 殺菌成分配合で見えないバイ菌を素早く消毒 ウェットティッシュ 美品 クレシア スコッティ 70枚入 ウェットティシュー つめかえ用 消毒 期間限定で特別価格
________
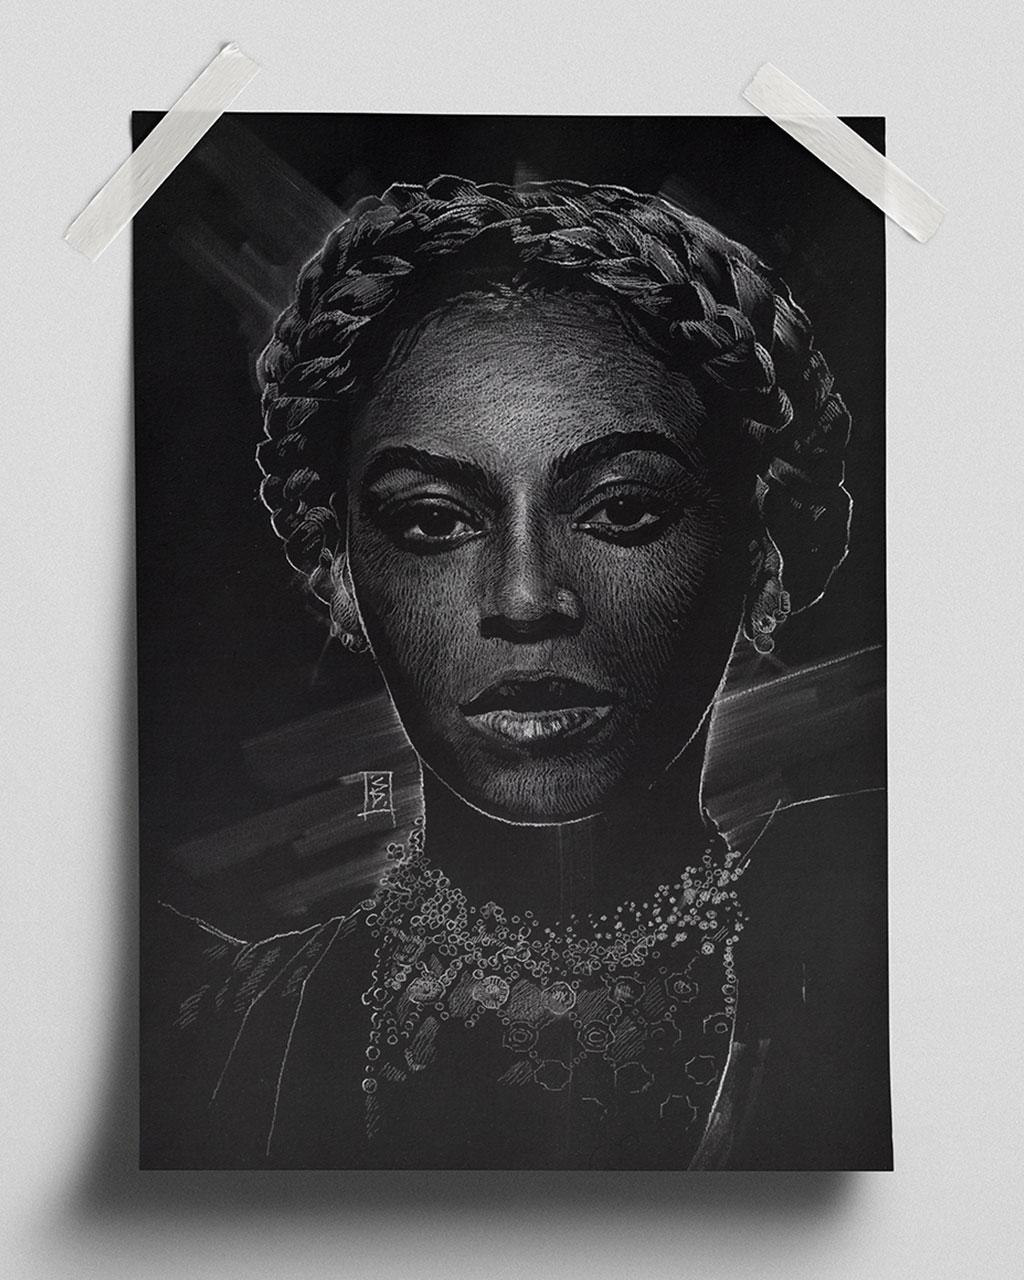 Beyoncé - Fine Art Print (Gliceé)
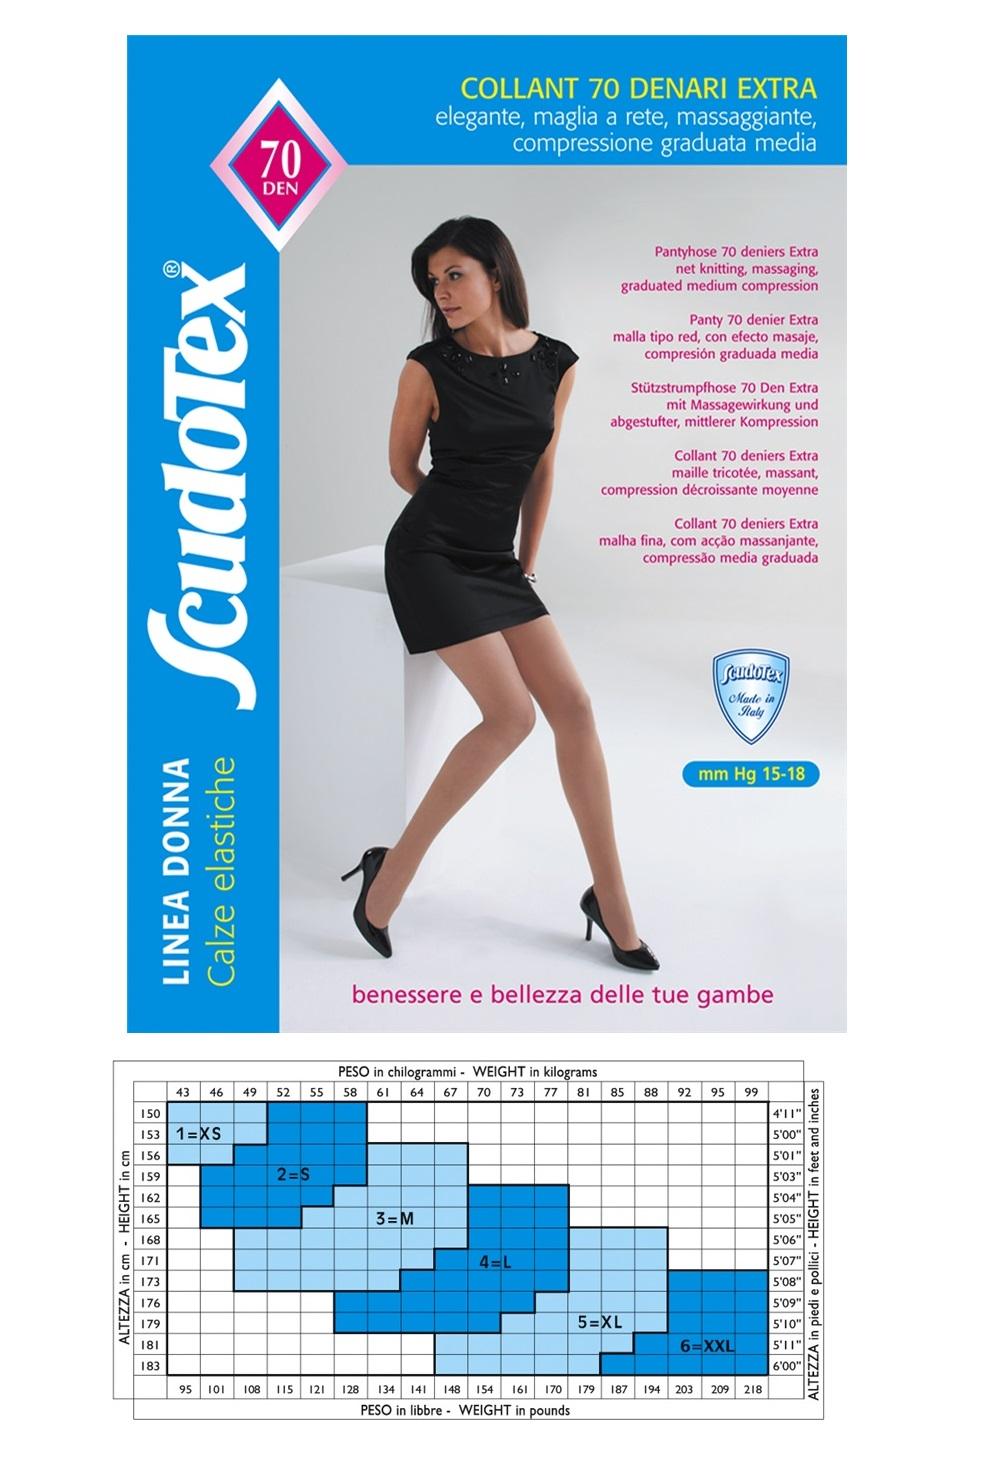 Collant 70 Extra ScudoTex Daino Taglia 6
________
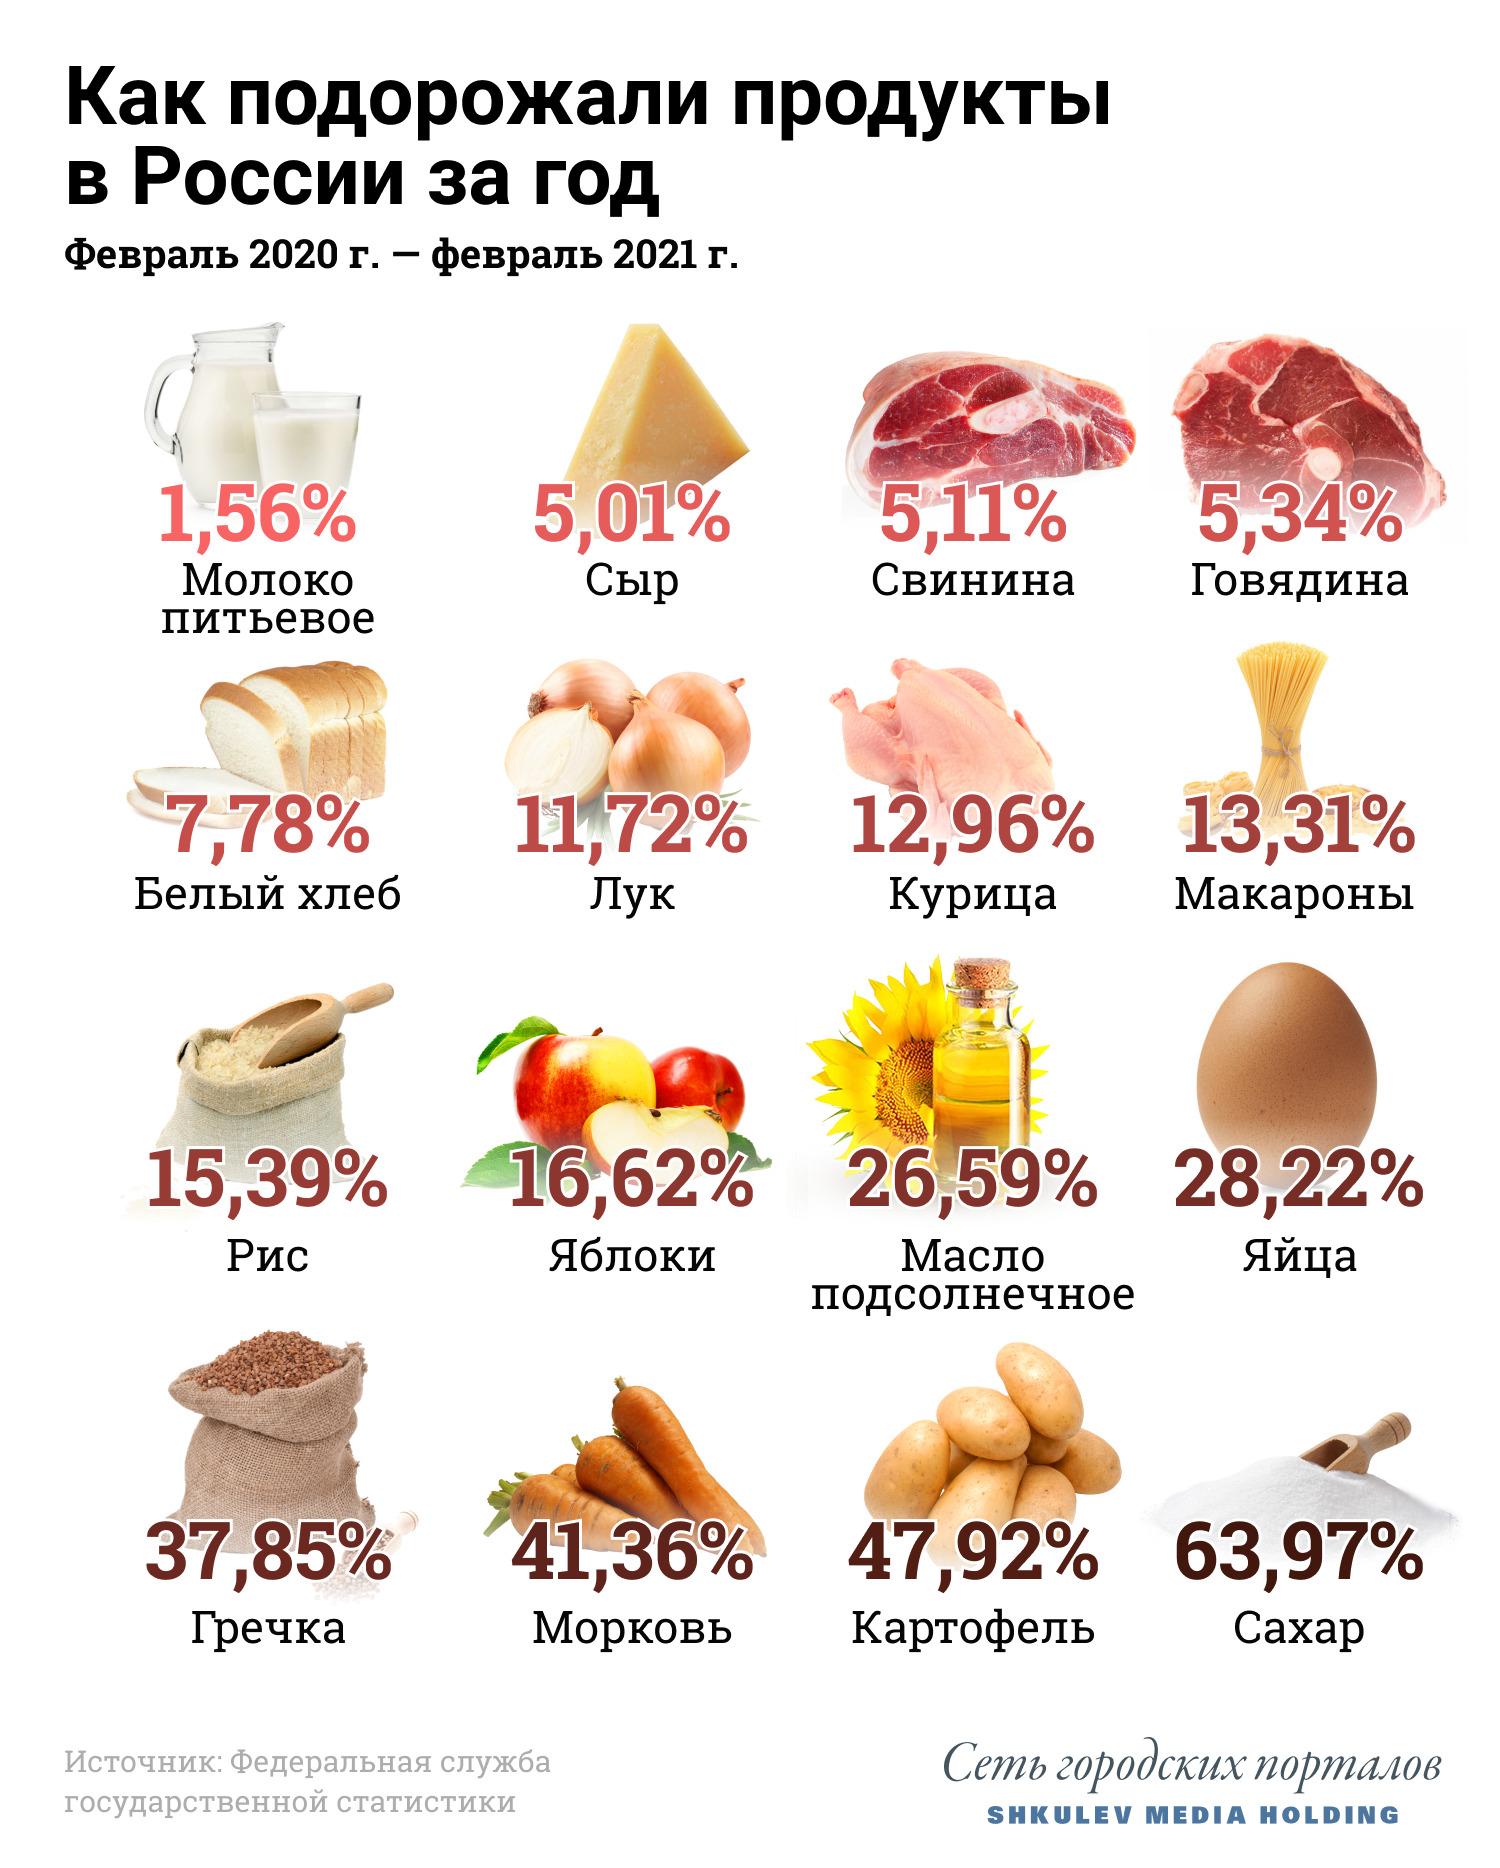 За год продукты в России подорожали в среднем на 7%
________
EXERCISE INSTRUCTIONS =
Within the listing above, the lines from the one with "Beyoncé - Fine Art Print (Gliceé)" through the one with "Collant 70 Extra ScudoTex Daino Taglia 6" are to be given again word for word. Do not include pictures.

ANSWER TO THE EXERCISE =
 Beyoncé - Fine Art Print (Gliceé)
 Collant 70 Extra ScudoTex Daino Taglia 6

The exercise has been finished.